Spectral Sequences in Homotopy Type Theory

Formalization project of the CMU HoTT group to formalize the Serre spectral sequence in Lean 2.

Update July 16, 2017: The construction of the Serre spectral sequence has been completed. The result is serre_convergence in cohomology.serre. The main algebra part is in algebra.exact_couple.

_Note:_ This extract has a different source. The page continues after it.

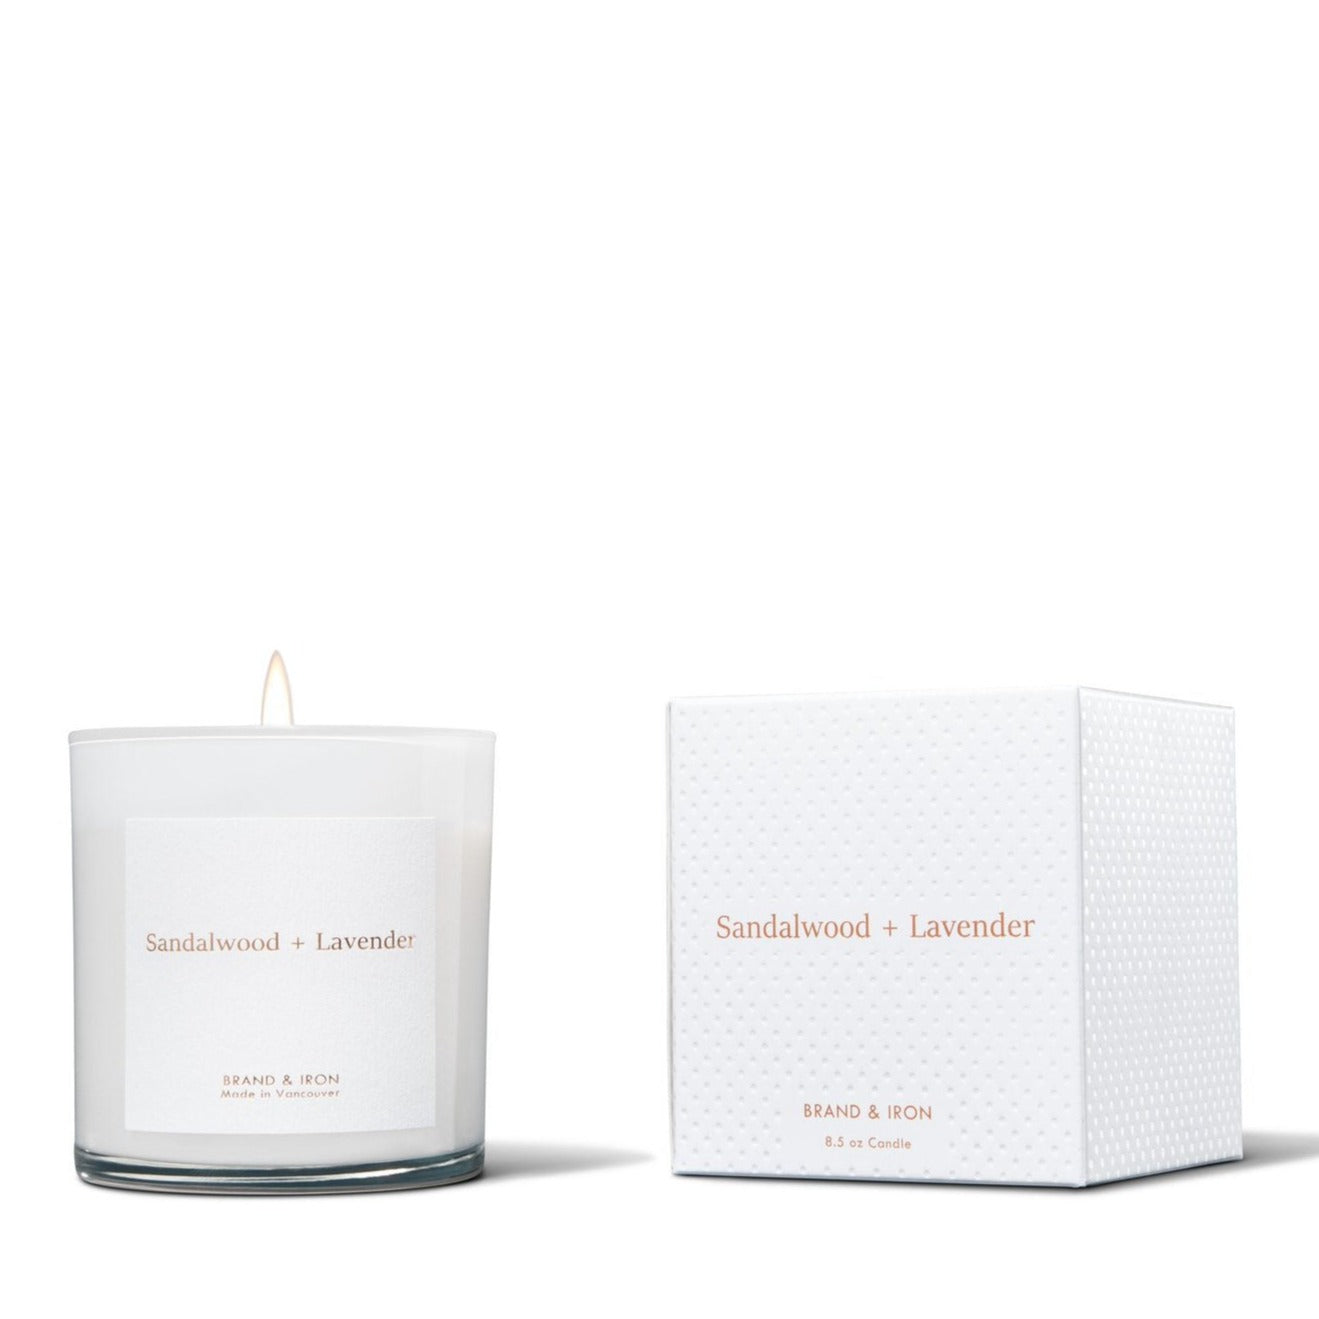 BRAND & IRON - HOME SERIES CANDLE IN SANDALWOOD & LAVENDER

This repository also contains:

  • a formalization of colimits which is in progress by Floris van Doorn, Egbert Rijke and Kristina Sojakova.
  • a formalization and notes (in progress) about the smash product by Floris van Doorn and Stefano Piceghello.
  • a formalization of The real projective spaces in homotopy type theory, Ulrik Buchholtz and Egbert Rijke, LICS 2017.
  • a formalization of Higher Groups in Homotopy Type Theory, Ulrik Buchholtz, Floris van Doorn, Egbert Rijke, LICS 2018.
  • the contents of the MRC 2017 group on formalizing homology in Lean.

Participants

Jeremy Avigad, Steve Awodey, Ulrik Buchholtz, Floris van Doorn, Clive Newstead, Egbert Rijke, Mike Shulman.

Resources

  • Mike's blog posts on ncatlab.
  • The Licata-Finster article about Eilenberg-Mac Lane spaces.
  • We learned about the Serre spectral sequence from Hatcher's chapter about spectral sequences.
  • Lang's algebra (revised 3rd edition) contains a chapter on general homology theory, with a section on spectral sequences. Thus, we can use this book at least as an outline for the algebraic part of the project.
  • Mac Lane's Homology contains a lot of homological algebra and a chapter on spectral sequences, including exact couples.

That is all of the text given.